--- WHAT TO PRODUCE ---
Skip pictures in the listing below; copy exactly the lines from the one with "asics x Afew" through the one with "Choix difficile entre", inclusive.

--- WORKING DATA ---
····················

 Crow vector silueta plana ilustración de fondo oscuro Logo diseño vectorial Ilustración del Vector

····················

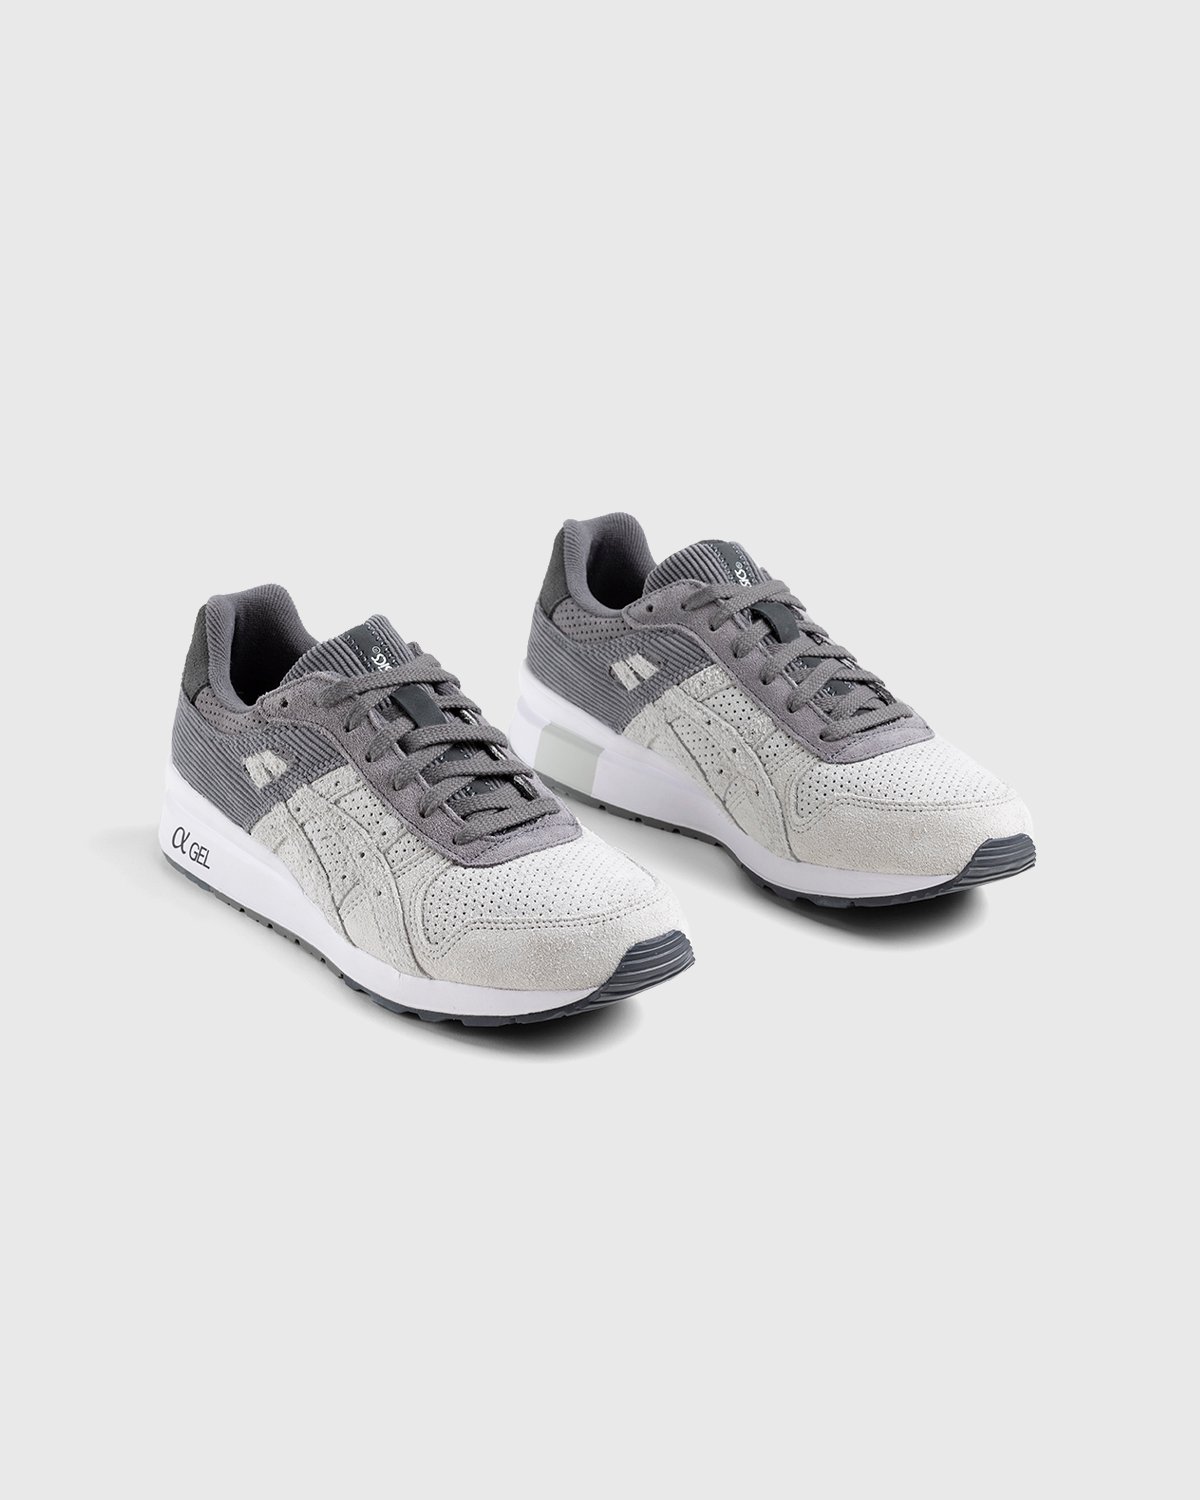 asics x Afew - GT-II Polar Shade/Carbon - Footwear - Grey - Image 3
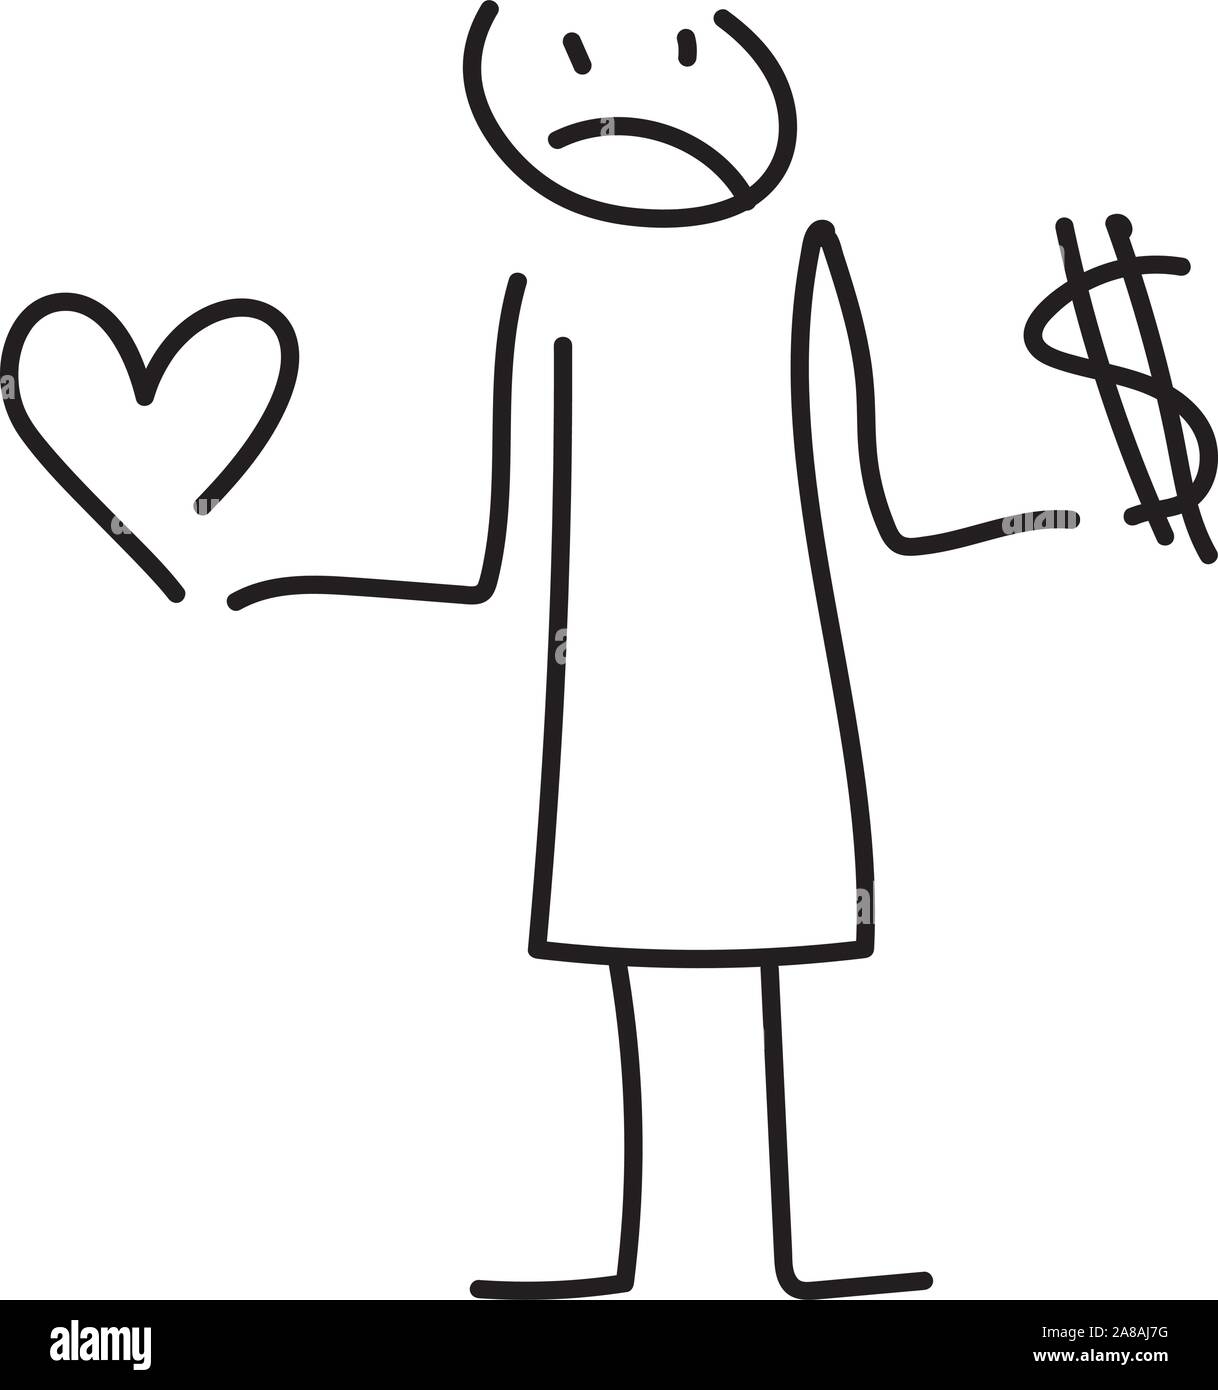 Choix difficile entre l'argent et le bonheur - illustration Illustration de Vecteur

····················

--- PROBLEM SOLUTION ---
 asics x Afew - GT-II Polar Shade/Carbon - Footwear - Grey - Image 3
 Choix difficile entre l'argent et le bonheur - illustration Illustration de Vecteur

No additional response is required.